* **Record extracts**
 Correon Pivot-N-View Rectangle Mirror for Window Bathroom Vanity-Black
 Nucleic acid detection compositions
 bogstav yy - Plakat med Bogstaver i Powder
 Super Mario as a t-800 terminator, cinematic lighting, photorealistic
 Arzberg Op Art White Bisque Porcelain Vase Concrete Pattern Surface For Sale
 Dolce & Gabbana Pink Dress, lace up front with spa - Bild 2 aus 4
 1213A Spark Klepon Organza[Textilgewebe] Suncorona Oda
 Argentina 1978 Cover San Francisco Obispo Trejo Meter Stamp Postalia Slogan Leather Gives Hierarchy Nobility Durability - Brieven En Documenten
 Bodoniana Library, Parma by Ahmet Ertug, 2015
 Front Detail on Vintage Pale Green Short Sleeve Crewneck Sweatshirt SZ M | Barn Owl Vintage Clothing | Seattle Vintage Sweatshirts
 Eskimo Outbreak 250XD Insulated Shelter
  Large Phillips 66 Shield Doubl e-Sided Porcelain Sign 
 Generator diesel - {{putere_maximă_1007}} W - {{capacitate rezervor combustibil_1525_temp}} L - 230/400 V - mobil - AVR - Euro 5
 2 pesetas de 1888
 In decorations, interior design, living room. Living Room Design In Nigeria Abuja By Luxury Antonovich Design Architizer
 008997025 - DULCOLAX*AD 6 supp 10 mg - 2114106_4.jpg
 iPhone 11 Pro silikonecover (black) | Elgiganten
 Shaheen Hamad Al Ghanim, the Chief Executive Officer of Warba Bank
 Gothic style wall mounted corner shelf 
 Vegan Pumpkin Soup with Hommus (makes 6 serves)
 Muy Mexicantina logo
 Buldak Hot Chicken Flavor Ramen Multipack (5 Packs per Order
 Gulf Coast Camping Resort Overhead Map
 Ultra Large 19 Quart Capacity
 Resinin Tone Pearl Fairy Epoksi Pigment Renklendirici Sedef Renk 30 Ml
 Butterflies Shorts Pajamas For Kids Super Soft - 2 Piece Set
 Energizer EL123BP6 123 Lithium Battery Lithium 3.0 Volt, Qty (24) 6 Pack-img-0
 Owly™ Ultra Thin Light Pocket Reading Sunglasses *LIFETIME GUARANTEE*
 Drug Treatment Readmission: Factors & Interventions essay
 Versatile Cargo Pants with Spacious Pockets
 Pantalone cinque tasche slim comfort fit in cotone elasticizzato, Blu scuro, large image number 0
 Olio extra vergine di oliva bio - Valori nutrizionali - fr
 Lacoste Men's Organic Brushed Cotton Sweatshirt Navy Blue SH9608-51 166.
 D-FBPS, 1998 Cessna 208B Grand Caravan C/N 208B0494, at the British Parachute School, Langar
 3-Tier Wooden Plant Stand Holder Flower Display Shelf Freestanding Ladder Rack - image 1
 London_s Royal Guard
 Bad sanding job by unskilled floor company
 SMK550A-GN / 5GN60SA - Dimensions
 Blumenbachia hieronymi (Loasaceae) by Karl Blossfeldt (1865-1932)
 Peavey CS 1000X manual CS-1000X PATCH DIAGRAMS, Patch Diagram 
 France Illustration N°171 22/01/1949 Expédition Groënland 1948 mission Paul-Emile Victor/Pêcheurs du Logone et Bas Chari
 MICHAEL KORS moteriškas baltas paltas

* **Task item**
Look through the data above. Copy every line with the string "Ultra" in it.

* **Answer box**
 Ultra Large 19 Quart Capacity
 Owly™ Ultra Thin Light Pocket Reading Sunglasses *LIFETIME GUARANTEE*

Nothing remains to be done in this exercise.